(Yes, that means avocado toast and mimosas served with a side of drag queens shaking their rumps.) Another festive Sunday scene is Hamburger Mary’s Sunday Broadway Brunch. Bar Boheme, a restaurant known for its frozen mojitos, creative pizzas, and Vietnamese fries, is well-known for its Sunday drag-show brunches on the massive wraparound patio. RIPCORD opened in 1980 and has the distinction of being the oldest gay leather bar in Texas. Less than five miles west downtown, Montrose features gayborhood staples like permanently installed rainbow crosswalks and historic saloons. By the ’80s, amid the HIV and AIDS epidemic, Montrose was known for being the hub of queer life in Houston. More than 1,000 people showed up, which began the gay liberation movement in Montrose and led Hill to help establish The Montrose Center, an organization still operating today that focuses not only on advocacy but also on offering resources to the community. In June of 1977, LGBTQ advocate Ray Hill organized a rally in protest of singer and anti-gay activist Anita Bryant visiting the city. The Montrose neighborhood in Houston was founded in 1911 and had an estimated 30 to 40 gay bars by the late ’70s.
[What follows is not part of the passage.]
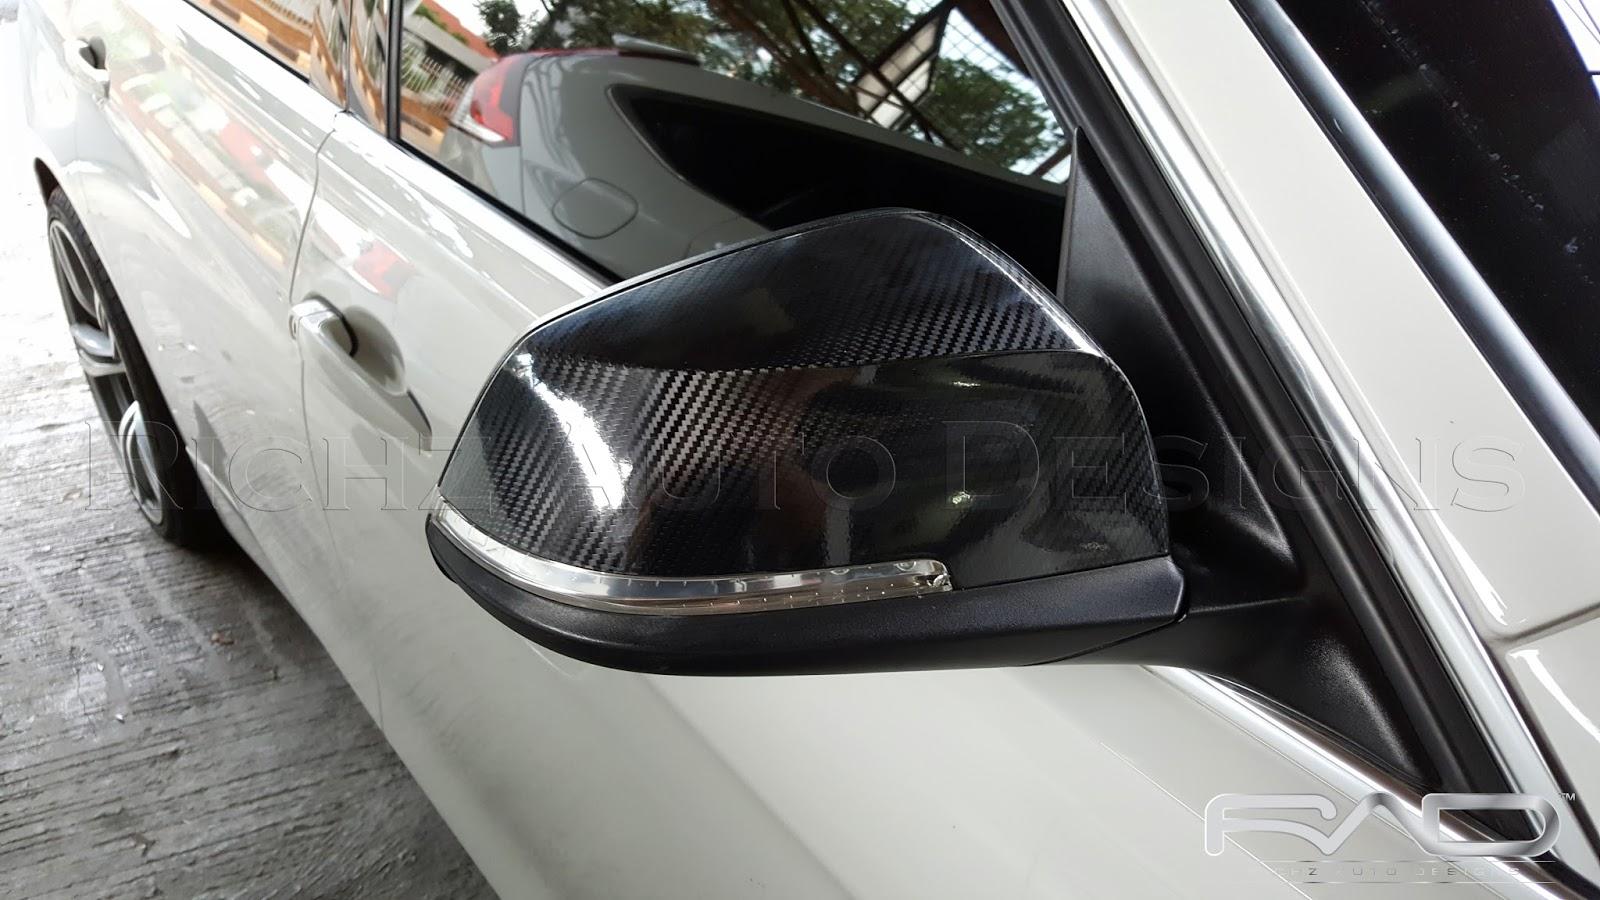 Jual Sticker Carbon Motor Nangguk Stiker Skotlet Karbon 5d Source Richz Auto Designs Glossy Really Look A Like

The marker sits at “ The Gay Crossroads,” located at the intersection of Throckmorton Street and Cedar Springs.Īsia O’Hara, a former contestant on RuPaul’s Drag Race, performing at The Rose Room on Cedar Springs Road in Dallas.
In 2018, Dallas became the first city in Texas with an official Texas Historical Commission subject marker acknowledging its longstanding queer community. The Oak Lawn neighborhood, located along Cedar Springs Road, has held the heart of the LGBTQ community in Dallas for over 30 years and is the primary assembly point for LGBTQ political and social events, including the annual Alan Ross Freedom Parade. As that group grew to over 3,000 while marching through downtown, Dallas became the site of the first gay pride parade in all of Texas. That emergence intensified in 1972, when three days after the Stonewall Riots, 300 activists took to the streets in the name of equality. In 1947, one of the first gay bars in Texas, Club Reno, opened in Dallas, heralding the city’s LGBTQ community as one of the earliest to form in the state. Their one-of-a-kind restaurants, vivacious nightclubs, and lovable locals crown these gayborhoods as attractive destinations-no matter where you fall on the sexuality spectrum. For decades, all types of people from cowboys to drag queens have lived, worked, and played harmoniously in these charming meccas of queer life.
Texas’ “gayborhoods” aren’t just neighborhoods with rainbow-painted crosswalks at their intersections they’re historic communities where Texas pride and gay pride intersect in ever-fascinating unison. But why stop at one? We’ve field-tested all these joints and many, many more, and we promise: Your home-away-from-home is here waiting for you with a chilling drink and welcoming smile.īy Jacob Vaughn, David Fletcher, Eva Raggio, Lauren Daniels and Observer staff and contributors.One of Oak Lawn’s two gateway signs sits at the intersection of Douglas Avenue and Cedar Springs Road, in Dallas, right in front of Kroger. The choices are endless, but we promise that somewhere on this list is a spot ready to welcome you as its newest regular. Rock the night away, check out a flight of North Texas’ fine craft brews and booze or soothe your stressed soul in a padded booth at a friendly neighborhood dive. Our favorite bars - listed alphabetically, not ranked - offer places to match your mood and personality. Whether you’re in the mood for light jazz and handcrafted cocktails, boot-scooting and a PBR or dressing to the nines and sipping a mixologist’s latest magic elixir, your next watering hole is ready for you in Big D. DFW’s best bars offer a bit of everything.Īre your pipes warmed up for a night of karaoke? Maybe you’re looking for a friendly spot to catch a game on a big-screen with pals. Sometimes you want to go where everybody knows your name, others you want a stout drink in a quiet corner.